I recently finished The Numbers Game: Why Everything You Know About Soccer Is Wrong by Chris Anderson and David Sally, the book describes recent innovations in soccer analytics. In it Anderson and Sally talk about how they believe soccer is on the verge of its "Moneyball" moment, as more and more clubs are employing analysts to run the numbers trying to find that extra edge on the competition just as Bill James did for the Oakland A's over a decade ago.
One of the most intriguing takeaways I found in The Numbers Game was a chapter where the authors described soccer as a "weakest link sport". They go on to say :
"If you want to build a team for success, you need to look less at your strongest links and more at your weakest ones. It is there that a teams destiny is determined, whether it will go down in history or be forevrer considered a failure."
In the same chapter they made another point I found compelling. "Soccer is vastly different from basketball, the most superstar driven sport". I thought this topic would be interesting to explore so I set out looking for some data.
After acquiring some data from ESPN and basketball-reference.com I started putting it together and got to work.
The first thing I did was import Pandas and two csv's I had downloaded. One was all of the starters from every NBA team and their respective team rank. The other included every NBA players player efficiency rating(PER), a stat that combines everything a player does on the court into one number.
Next I tested to make sure everything was imported properly using pandas built in head method.
Players must play 6.09 minutes per game to be eligible for a PER rating so next I eliminated all players whose MPG fell under 6.09 minutes and then combined the starters dataframe with the PER dataframe so all of the data I was interested in was together.
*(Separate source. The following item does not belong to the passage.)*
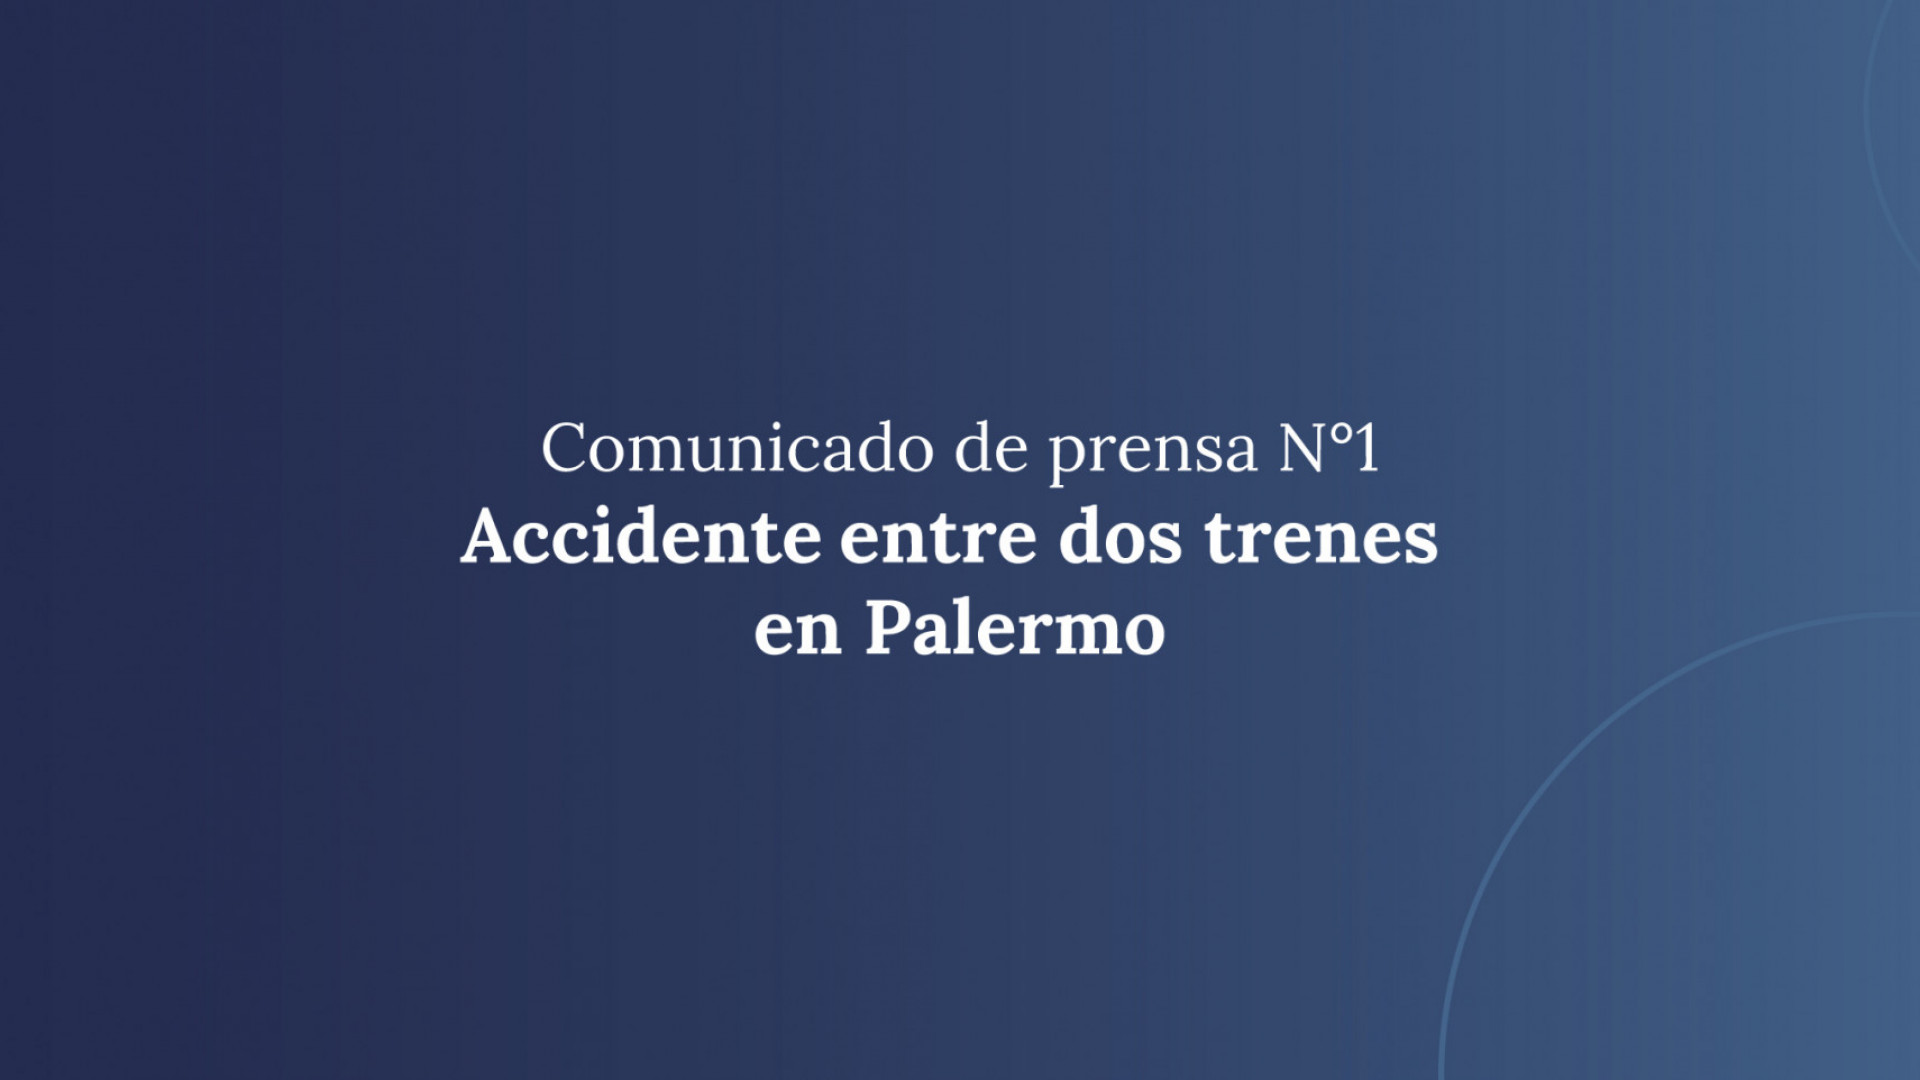 noticiaspuertosantacruz.com.ar - Imagen extraida de: https://argentina.gob.ar/noticias/comunicado-de-prensa-ndeg1-accidente-entre-dos-trenes-en-palermo

I needed a number to compare the weakest players on each team to so I found the mean PER of all starters.
As well as some other statistics on starters PER.
Next I created a new dataframe that included a column of the difference between the mean PER and the PER of the weakest player on each teams starting five.
My last step in pandas involved creating a dataframe that included every team, their rank, and their PER gap.
Now that I had all of my data formatted properly it was time to starts visualizing it.
As you can see there is a, albeit weak, correlation between the skill gap and team rank with some strong outliers. The four most prominent outliers are the Miami Heat, Oklahoma City Thunder, LA Clippers, Memphis Grizzlies and Sacremento Kings. These outliers can be explained pretty easily. The Thunder have Kevin Durant, rated first overall in PER with a score of 30.17 (Michael Jordans career PER was 27.91), as well as Russel Westbrook who comes in eighth for PER. The Miami Heat, of course, have the big three of Lebron James, Dwayne Wade, and Chris Bosh. Los Angelos has Chris Paul and Blake Griffin, both in the top ten for PER and excellent compliments to each other. Sacremento has Demarcaus Cousins ranked 5th in PER and the Grizzlies while not having a starter in the top 25 for PER have Zach Randolph and Marc Gasol two very imposing big men.
Once the outliers are removed the r value rises from a weak .117 to a substantially higher .594.
You can see that Anderson and Sally were right, having a top player in the NBA is extremely important, especially when you have a weak starter. Having one, or two, heavy hitters can easily make up for having a large divide between the average NBA starter and the worst player on your starting five. I have only scraped the surface here and in the end Ithink I may have raised more questions than I have answered but it was a good learning experience and brought out some interesting points.